Deletion in Open Addressing
Cannot simply clear a slot, because that would break future search probe sequences. Need a marker/tombstone.
Resizing
Manage both live keys and tombstones. Rehash into larger, same-sized, or smaller table depending on occupancy and marker count.
Core Comparison Table
| Method | Worst Case | Average / Expected | Stable | In-Place |
|---|---|---|---|---|
| Insertion sort | Θ(n²) | Θ(n²) | Yes | Yes |
| Merge sort | Θ(n log n) | Θ(n log n) | Yes | Usually no in textbook form |
| Heapsort | O(n log n) | O(n log n) | No | Yes |
| Quicksort | Θ(n²) | Θ(n log n) expected | No | Yes |
| Quicksort with MoM pivots | Θ(n log n) | Θ(n log n) | No | Yes |
| Counting sort | Θ(n+k) | Θ(n+k) | Yes | No |
| Radix sort | Θ(d(n+k)) | Θ(d(n+k)) | Depends on stable inner sort | No |
| Bucket sort | Θ(n²) | Θ(n) average | Depends on bucket handling | No |
Exam Use
What Strong Answers Usually Include
- The right asymptotic bound, with best/worst/expected case clearly distinguished.

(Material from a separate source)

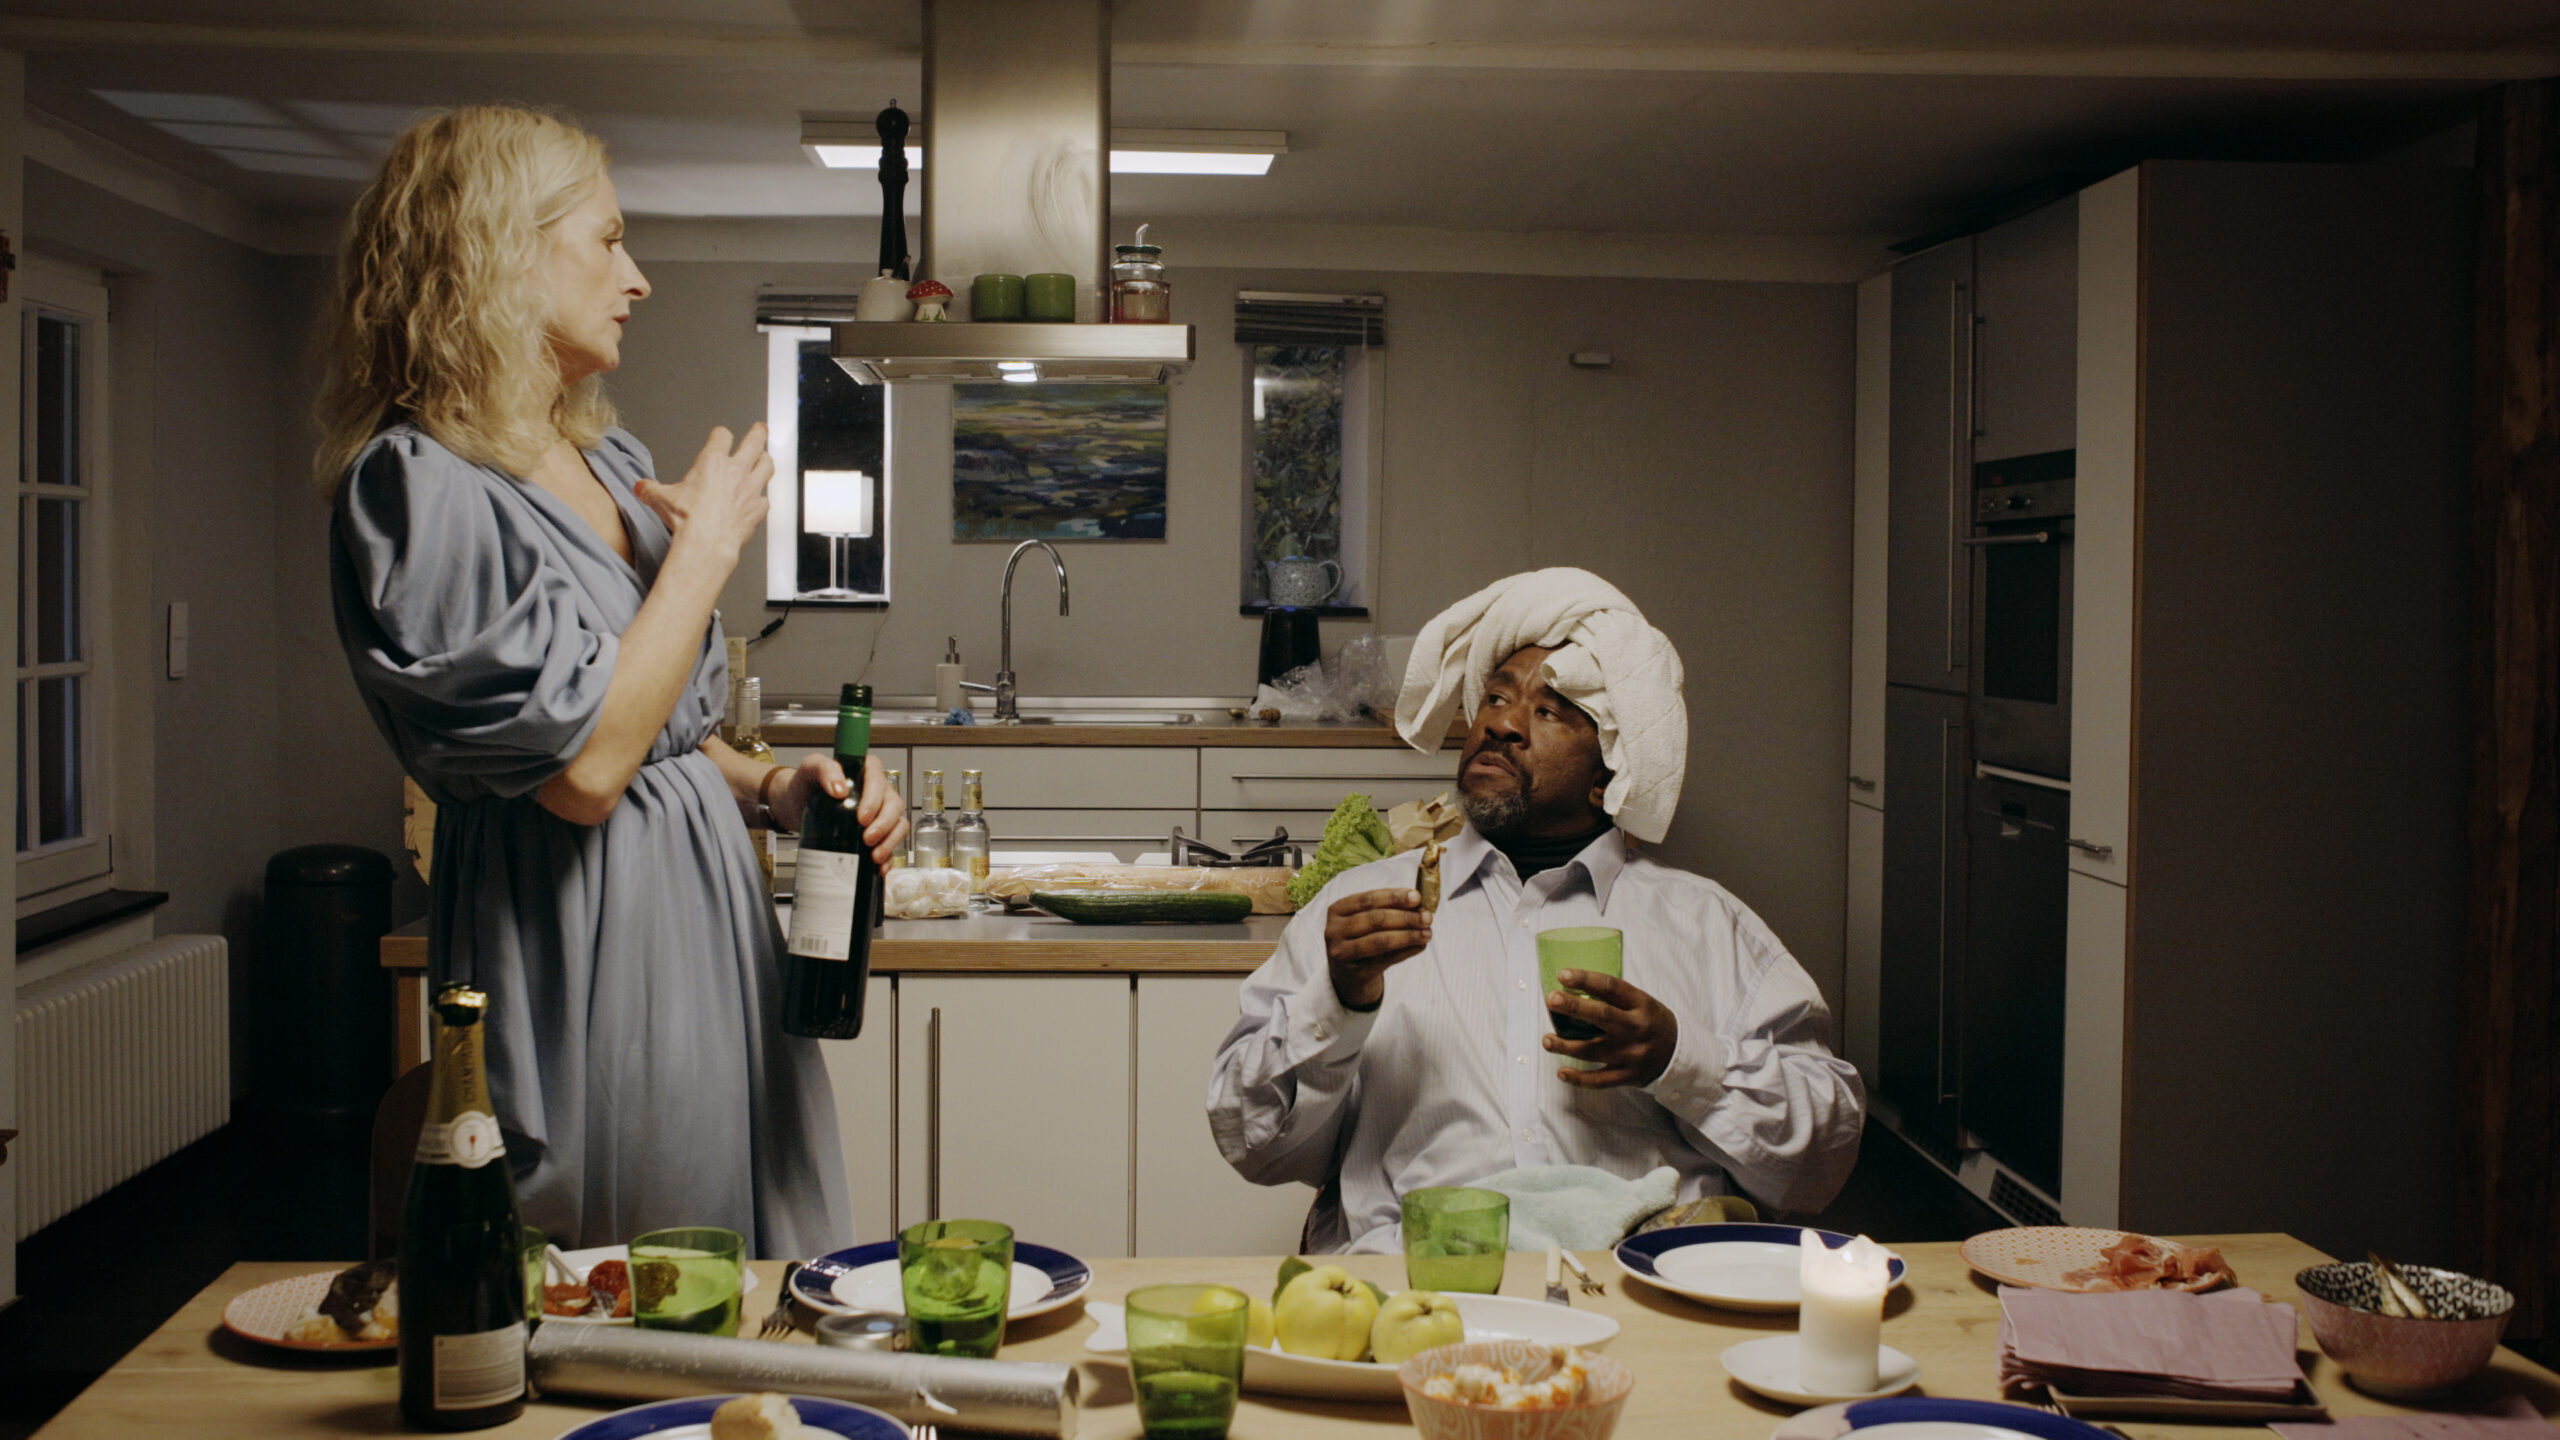 Voller Esstisch in der Küche, eine Frau steht links mit einer Flasche Wein, rechts sitzt ein Mann und sieht sie an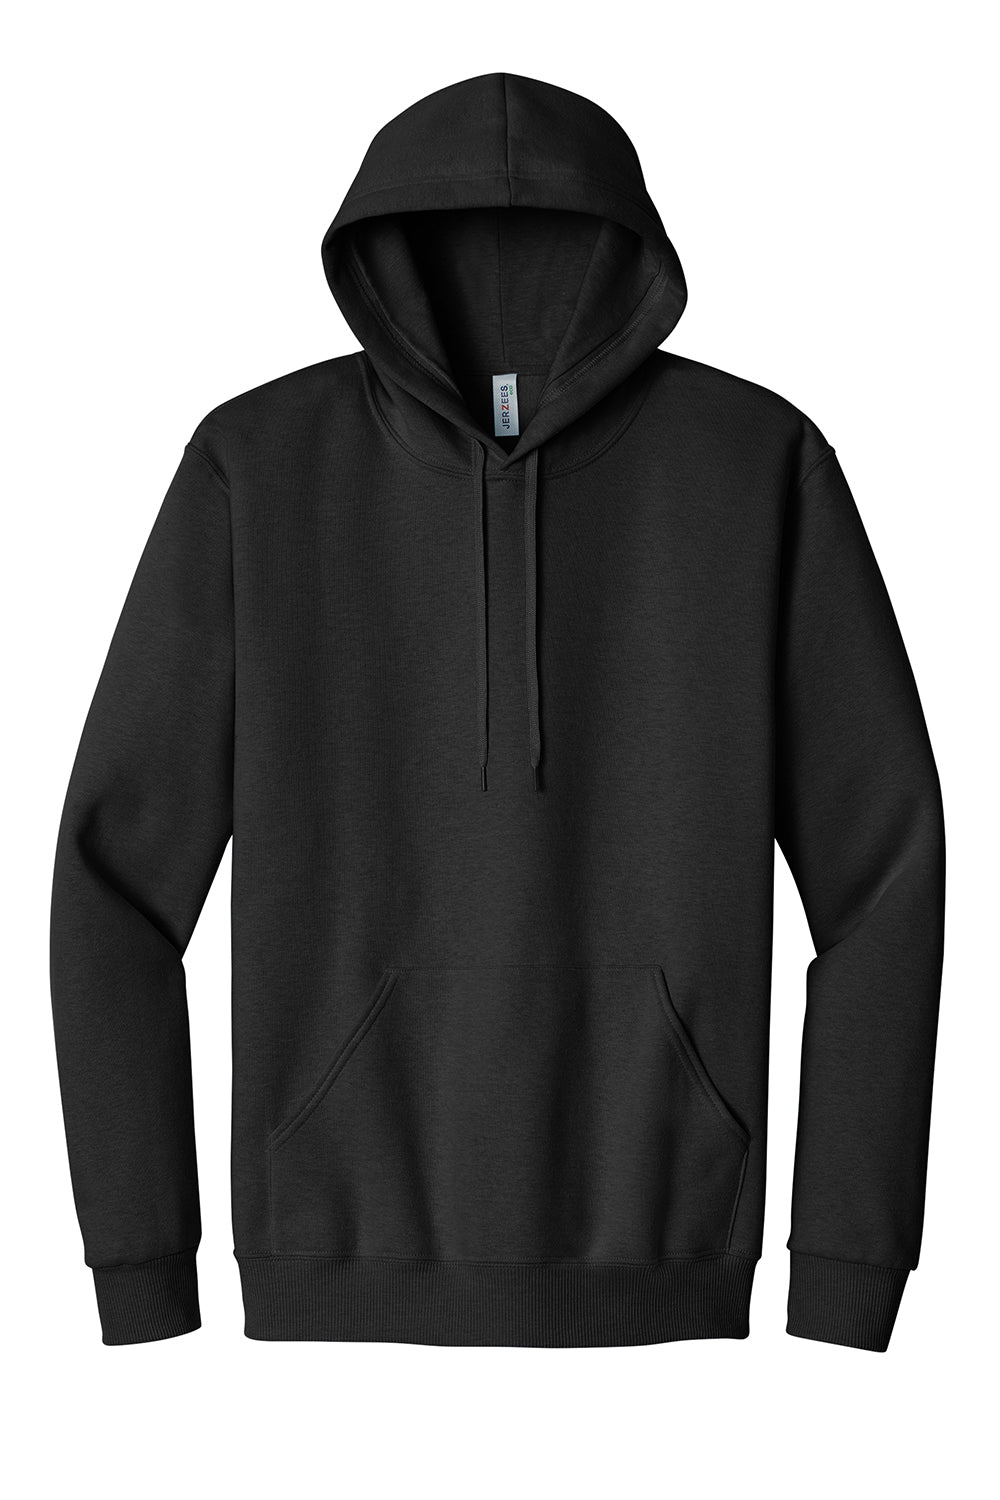 Jerzees 700M Mens Eco Premium Hooded Sweatshirt Hoodie Heather Ink Black Flat Front

- The invariant or structural property that makes the algorithm correct.
- The recurrence and the method used to solve it.
- The data-structure property that enables the runtime, not just the operation list.
- The tradeoff: memory, stability, in-place behaviour, worst-case robustness, or constant factors.
Common Mistakes
- Claiming
BUILD-HEAPisΘ(n log n)instead ofΘ(n). - Forgetting that any constant-ratio quicksort split is still
Θ(n log n). - Using DP when subproblems do not overlap, or greedy without proving the greedy-choice property.
- Treating BST average-case behaviour as if it were a worst-case guarantee.
- Forgetting tombstones/markers in open-addressing deletion.
- Calling a sort stable without checking equal-key behaviour.